The best things are supposed to come in the strangest packages, and I’m starting see where the creator of that phrase came from. Who’d have thought that spending 5 hours in a tiny DJ booth, relatively sober, with one person and a thousand songs for company would have been so much fun? The task of filling the dance floor was much easier than anticipated, and the banter was great. Halloween was pretty much the same as exodus on Saturday, but the feel of crisp bank notes for my 3 hours of ‘work’ made the job ever so satisfying.
Note for anyone who might read this regarding requests.
1) Don’t request songs that get played every week.

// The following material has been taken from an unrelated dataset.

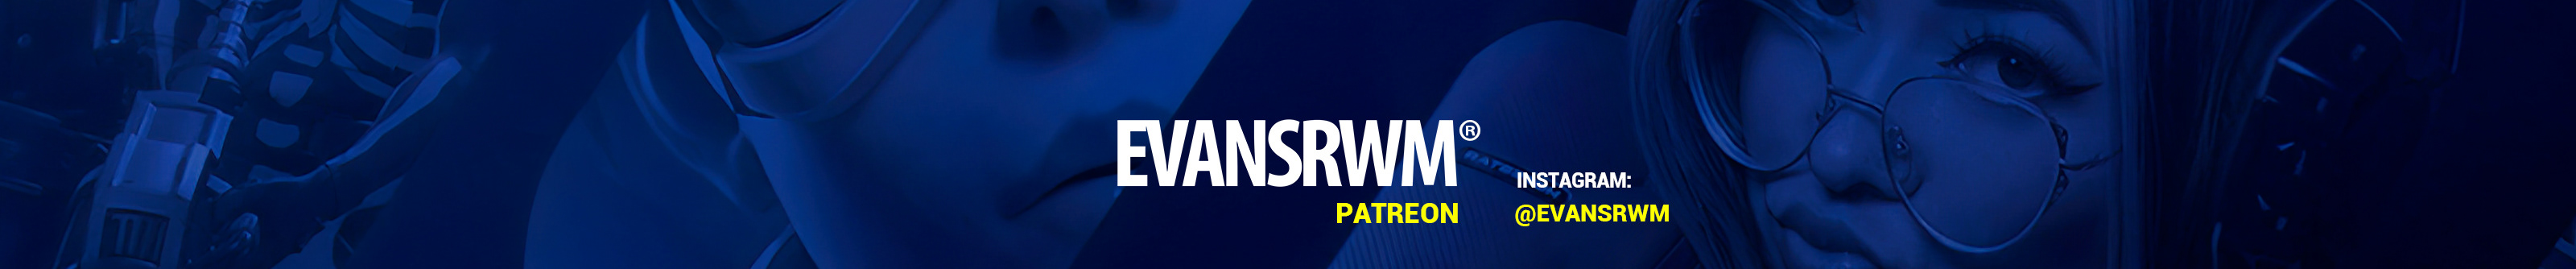 EVANS RWM's profile banner

2) Don’t request the same song more than once.
3) Getting 30 randoms to request your song is stupid.
4) Flirtation makes you look skanky and lowers the chance of hearing your song.
5) The DJ has the final say, not you.
Who’d have also thought that something as scientific as Chaos Theory could actually be very interesting? The idea being that the flap of a butterfly’s wing can change the course of weather forever. Which is apparently why it’s near impossible to accurately predict the weather for over a week in advance. The best thing is that it can be applied to heaps of things from maths and physics to social interactions, like lies.
Granted, this is probably what makes our everyday lives so interesting, by reducing the predictability of events, but it could possibly be just as fascinating to see how different our lives could be if the ‘chaos’ was removed from our lives. Would we all have different friends, jobs, houses… who knows? Kinda like that shite Ashton Kutcher film, but about me instead. That would – probably – kick ass.